Under volatile business operations Complexity and continual change, the Company needs to implement an effective risk management system in the organization. To be a tool for determining the direction of the strategy capacity building increasing business opportunities including continual improvement of operating processes which will support the company can achieve the overall objectives have good corporate governance and can create added value for shareholders and related persons By stipulating that risk management is part of the organization’s culture in operation and to all employees at all levels realize the responsibility for joint risk management.

Risk definition and risk management

“Risk” means “uncertain events which, if they occur, harm operations, causing TSTE and its group companies to fail to achieve the objectives set.”

Risk management is “the process of identifying, evaluating, and managing risks to an acceptable level for the organization according to the established risk management framework.”

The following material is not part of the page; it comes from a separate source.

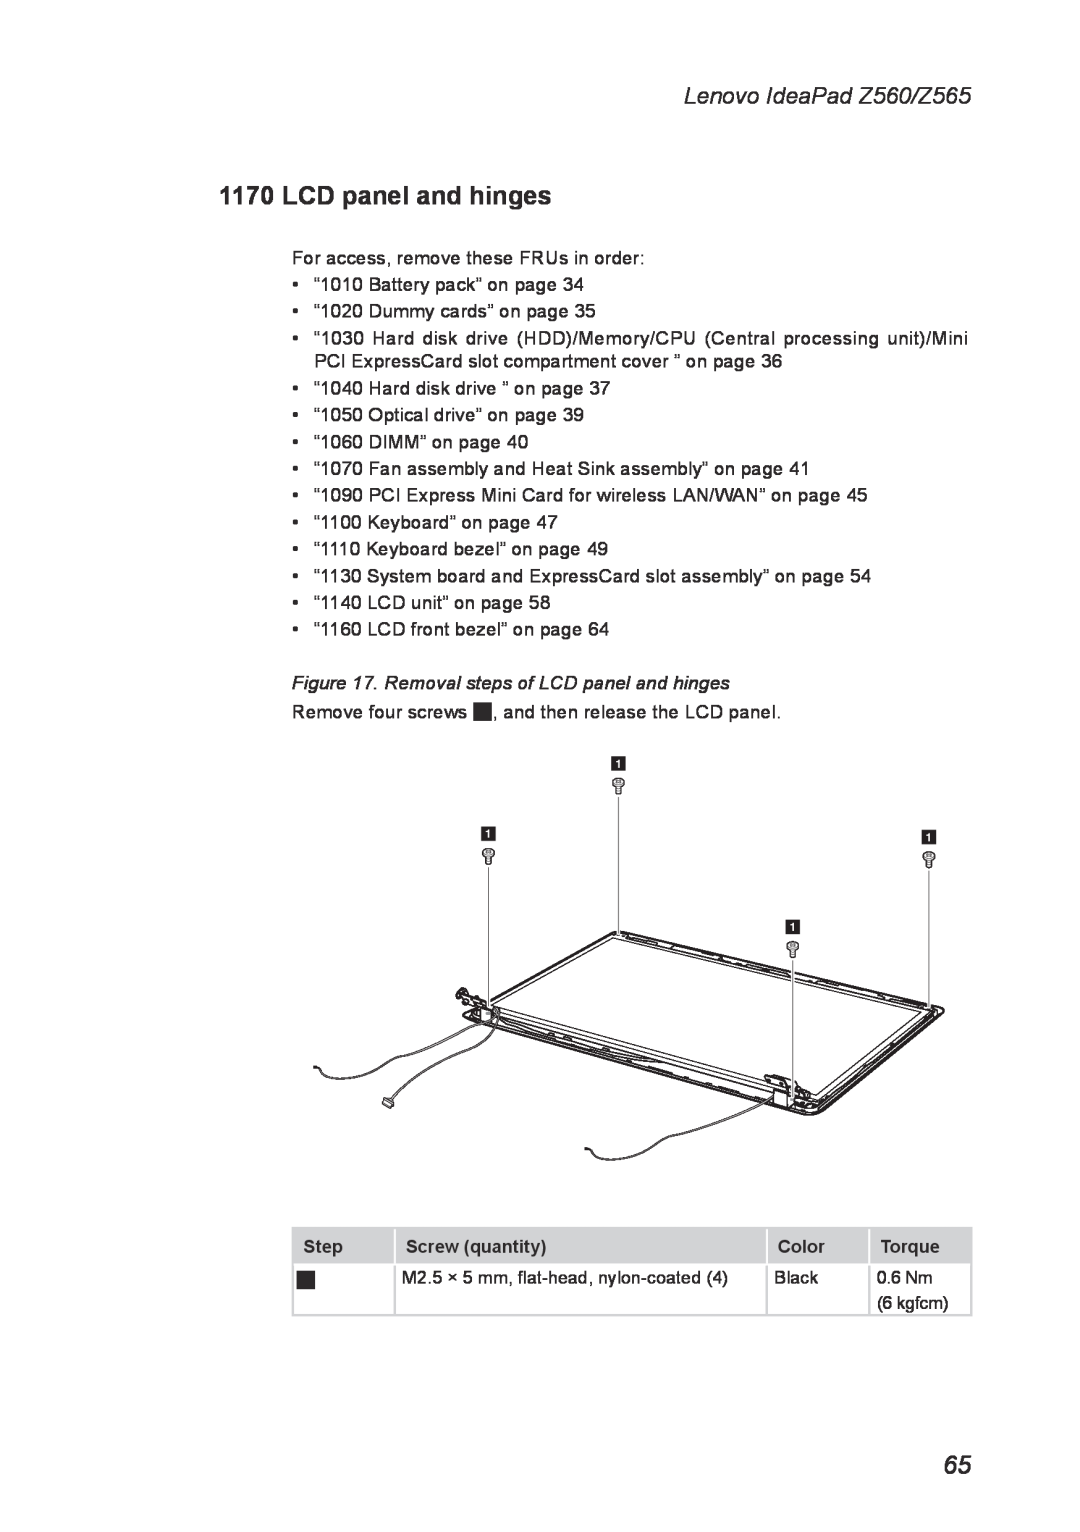 Lenovo manual Removal steps of LCD panel and hinges, Lenovo IdeaPad Z560/Z565

Objectives of Risk Management
  • To implement an international standardized risk management system in the same way throughout the organization, and specifies that risk management is a part of decision-making. Strategies, plans, and operations of TSTE and its group companies.
  • To determine measures and guidelines for managing the remaining risks to an acceptable level of the organization by considering measures to effectively reduce the likelihood and/or impact of risks that may arise, which will drive the organization to achieve the stated objectives both at the corporate level and at the departmental level.
  • To be able to identify unexpected risks or crises and be able to respond appropriately and timely to reduce losses or damage to the organization.
  • For the management team, the Risk Management Committee and Board of Directors Acknowledged important risk information trends of risk and overall risk and to supervise the risks of TSTE and its group companies in an efficient and effective manner.
  • To ensure that all segments are responsible for identifying, evaluating, and managing significant risks on a regular basis, including in the event of significant or not yet implemented events, activities, processes and/or projects or significant changes within the organization taking into account the acceptable risk level and the ability to actually practice reasonable cost.
  • To have communication and transfer knowledge of risk management to employees regularly and develop employees to understand. There is an awareness of ownership of the risks as well as having joint risk management under the responsibility.
  • To help organizations detect and reduce the risks associated with wrongdoing or fraud. by providing an assessment of the risks of corruption in various fields and to support the organization to formulate a policy to prevent wrongdoing and corruption.
Risk Appetite : RA

It is the highest level of risk that is acceptable to TSTE at the enterprise level. Determined by the management under the supervision of the Risk Management Committee, and use it for evaluation and risk management. Any risks that were analyzed and assessed were found to be may affect the TSTE beyond the acceptable risk level, have the risk-owning agency prepare a risk management action plan, and report to the Risk Management Committee by dividing the risk level Acceptable can be issued in 6 areas as follows:

1. Financial risk

  • Admit to losing money or a decrease in income to some extent but does not exceed a level that materially affects TSTE's liquidity or financial position.

2. Reputational risk

  • Accepting negative messages in the media with widespread communication channels but does not accept negative news that materially and continuously affects the reputation of the public and the trust of the organization from the stakeholders especially important trading partners and shareholders.

3. Operational risk

  • Interruptions or delays in service continuity are acceptable to some extent but do not tolerate interruptions or long delays that cause damage that affects ongoing operations. This affects the level of confidence and satisfaction of the customers, as well as the obligations that the company has to its partners.